TODAYNEWS.ID – Terkait aksi demonstrasi yang dilakukan sejumlah penyelenggara jasa pariwisata di depan Gedung Sate, Bandung pada Senin (21/7/2025) kemarin, Sekretaris Daerah Jawa Barat, Herman Suryatman ikut angkat bicara.
Herman menilai, aksi unjuk rasa yang dilakukan sejumlah pelaku pariwisata merupakan hal yang wajar di tengah iklim demokrasi di Indonesia.
Namun Herman memandang bahwa kebijakan Pemerintah Provinsi Jawa Barat terkait larangan study tour sudah berdasarkan kajian mendalam dengan memperhatikan berbagai aspek di masyarakat.
“Yang pertama, kami menghargai penyampaian aspirasi itu. Tentu kami dalami dengan cermat, karena setiap warga negara punya hak untuk menyampaikan aspirasi, saran, kritik. Tidak ada persoalan, tentu terkait dengan kebijakan kami juga harus cermat karena kebijakan itu lahir dari pertimbangan filosofis, pertimbangan juridis, dan pertimbangan sosiologis,” ungkap Herman di Gedung Bappeda Jabar.
Menurut dia, gubernur sudah jelas tegas melalui kebijakan yang sudah dikeluarkan, walaupun tentu pihaknya melakukan evaluasi atas kebijakan tersebut.
“Dan kami memandang kebijakan itu sangat efektif untuk memastikan proses pembelajaran lebih optimal, termasuk dinamika ekonomi keluarga yang tentu faktanya akan mempengaruhi proses pembelajaran siswa,” ungkapnya.
Dikatakan Herman, study tour yang berdampak terhadap pembiayaan, ujungnya itu memberatkan orang tua. Terutama orang tua menengah bawah yang ujungnya adalah pinjam ke bank emok, ujungnya pinjam ke pinjol yang ilegal.
“Dan dampaknya kan dahsyat itu, bisa memporak-poradakan perekonomian keluarga, bahkan bisa sampai memporak-poradakan keluarga.
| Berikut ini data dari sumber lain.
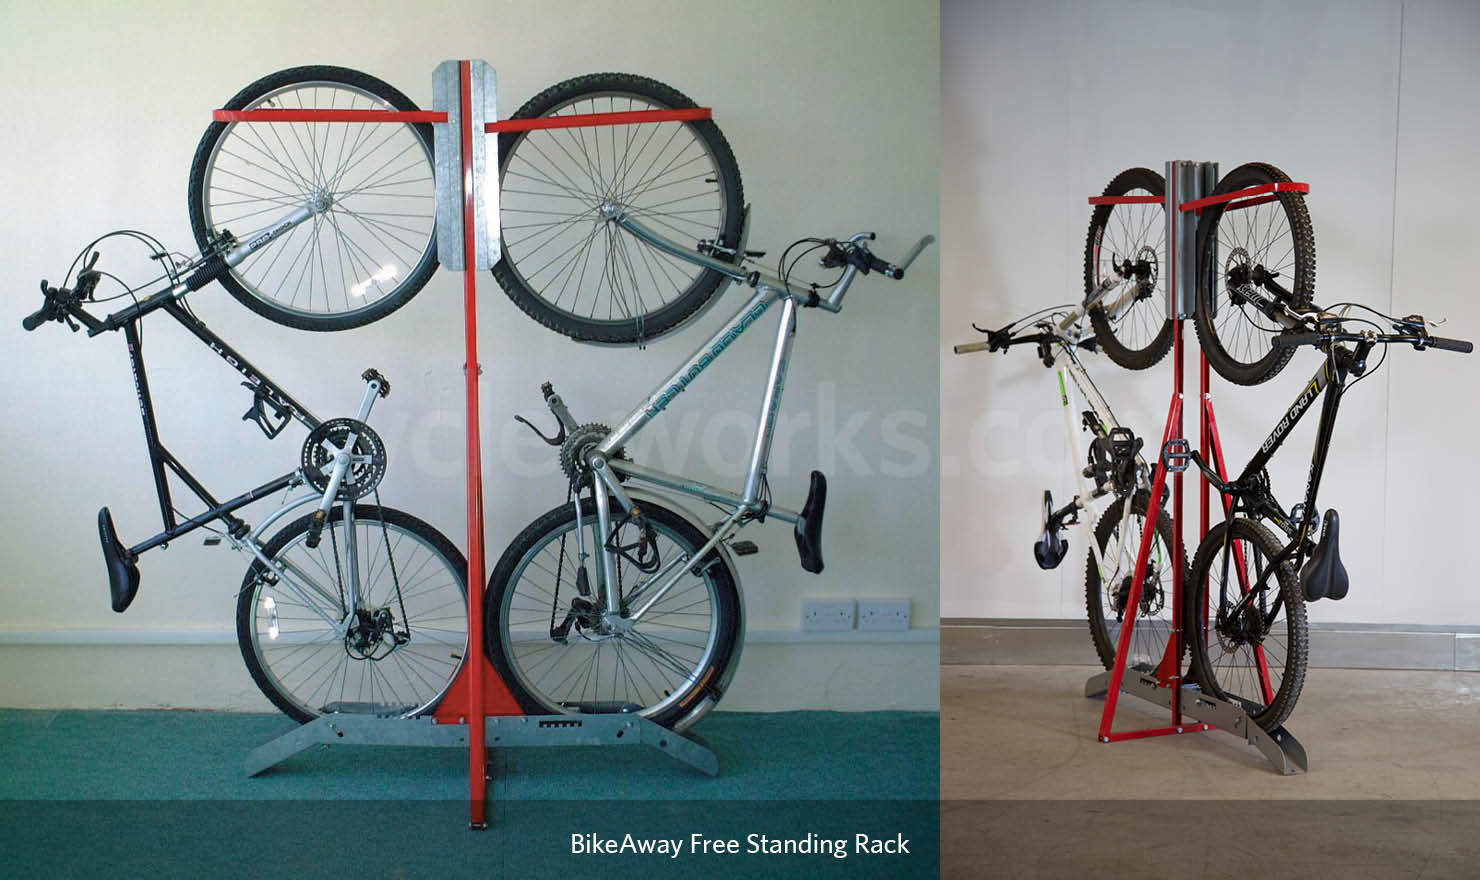 BikeAway Free-standing Rack

Tidak sedikit keluarga yang sampai dikorbankan rumah tangganya, yang titik masuknya dari pinjol, dari bank emok, dan tidak sedikit juga yang dipantik oleh orang tua yang memaksakan diri untuk membiayai anaknya study tour,” tuturnya.
Herman melanjutkan, ada cara lain dalam mengisi kegiatan study tour. Secara sederhana, study merupakan kegiatan belajar, sedangkan tour perjalanan, artinya perjalanan belajar.
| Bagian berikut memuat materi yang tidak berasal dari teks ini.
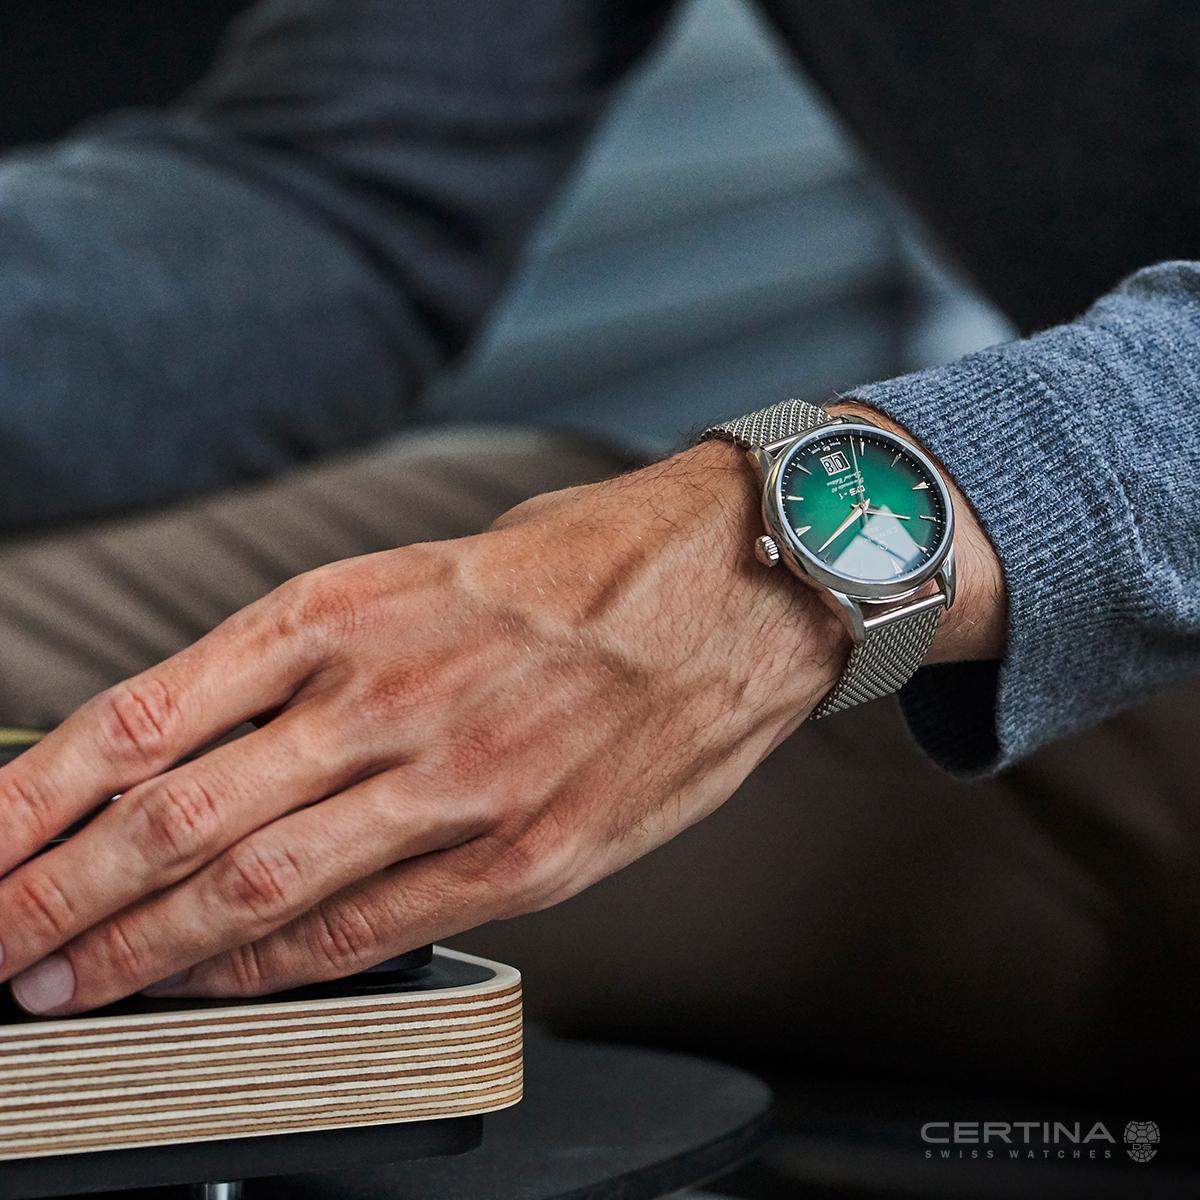 Specjalna edycja zegarka C029.426.11.091.60 - zegarek Certina DS-1 Nivachron™ Big Date 60th Anniversary

Jika perjalanan itu tepat berdasarkan tujuan pendidikan kata Herman, maka akan memberikan manfaat bagi siswa.
“Jadi yang dimaksud Gubernur kalau study tournya memanfaatkan, ke museum geologi, ke gedung sate, ke gua di Tahura itu bisa dilakukan di Bandung. Saya kira kan luar biasa, satu anak-anak mendapatkan ilmu baru, belajar sejarah, belajar seni budaya. Tapi dia juga mendapatkan relaksasi murah meriah. Kalau orang Sumedang misalnya bisa ke museum Prabu Gesan Ulun, bisa ke Gunung Kunci, kalau pun dari situ saja kan tinggal pakai angkot tuh dan biayanya kan murah banget kalau pakai angkot sampai di destinasi,” tuturnya.
Dengan demikian, yang dimaksud adalah study tour yang berdampak terhadap pembiayaan yang di luar batas kemampuan orang tua. Apalagi sampai keluar Jabar tentunya itu memakan biaya jutaan, bahkan ada yang sampai Rp 6 juta.
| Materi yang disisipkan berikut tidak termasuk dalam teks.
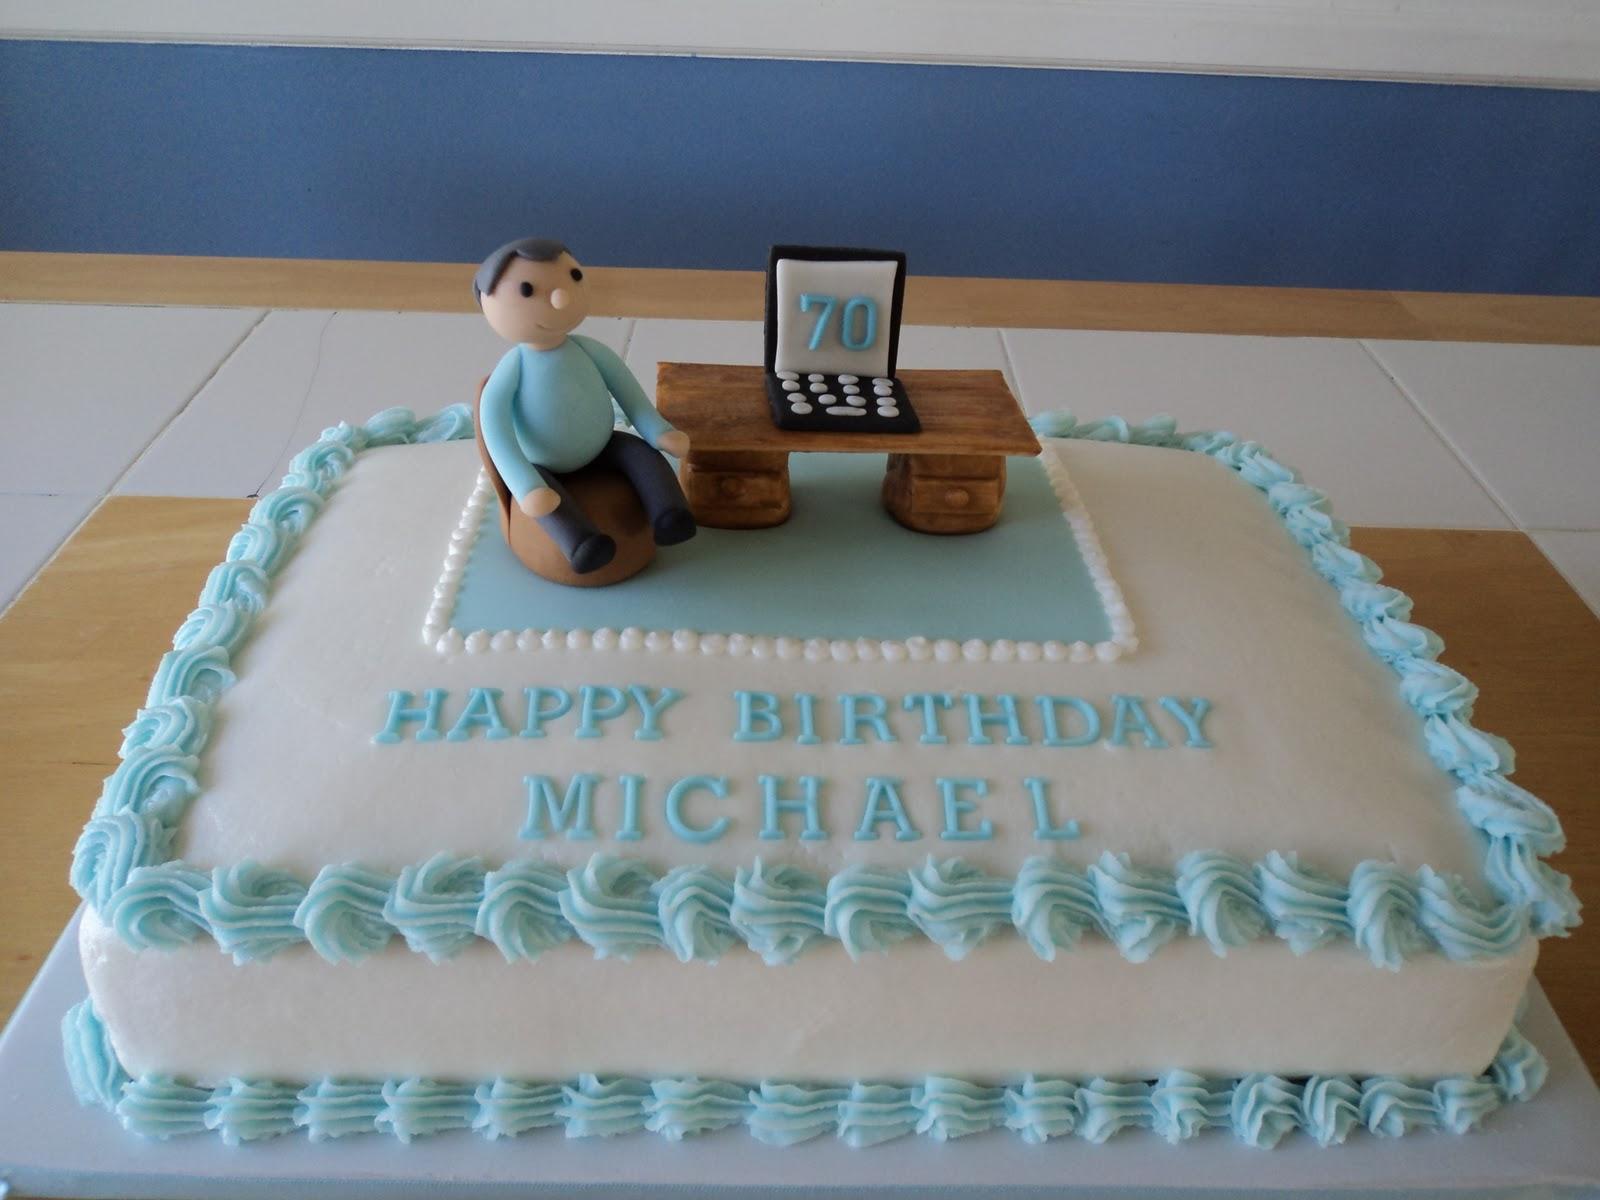 SweetDesigns: 70th Birthday Cake

“Dan anak-anak ini kan jumlahnya banyak, dibalik anak-anak kan ada keluarga. Jadi jangankan bagaimana meningkatkan kualitas pembelajaran, kalau terganggu ekonomi keluarganya kan jadi paciur dan itu dampaknya ke anak-anak. Kalau keluarganya tidak harmonis bagaimana mungkin anak-anak mendapatkan kasih sayang dan sebagainya,” katanya.
Menurut Herman, perkara study tour ini tidak sesederhana yang dibayangkan.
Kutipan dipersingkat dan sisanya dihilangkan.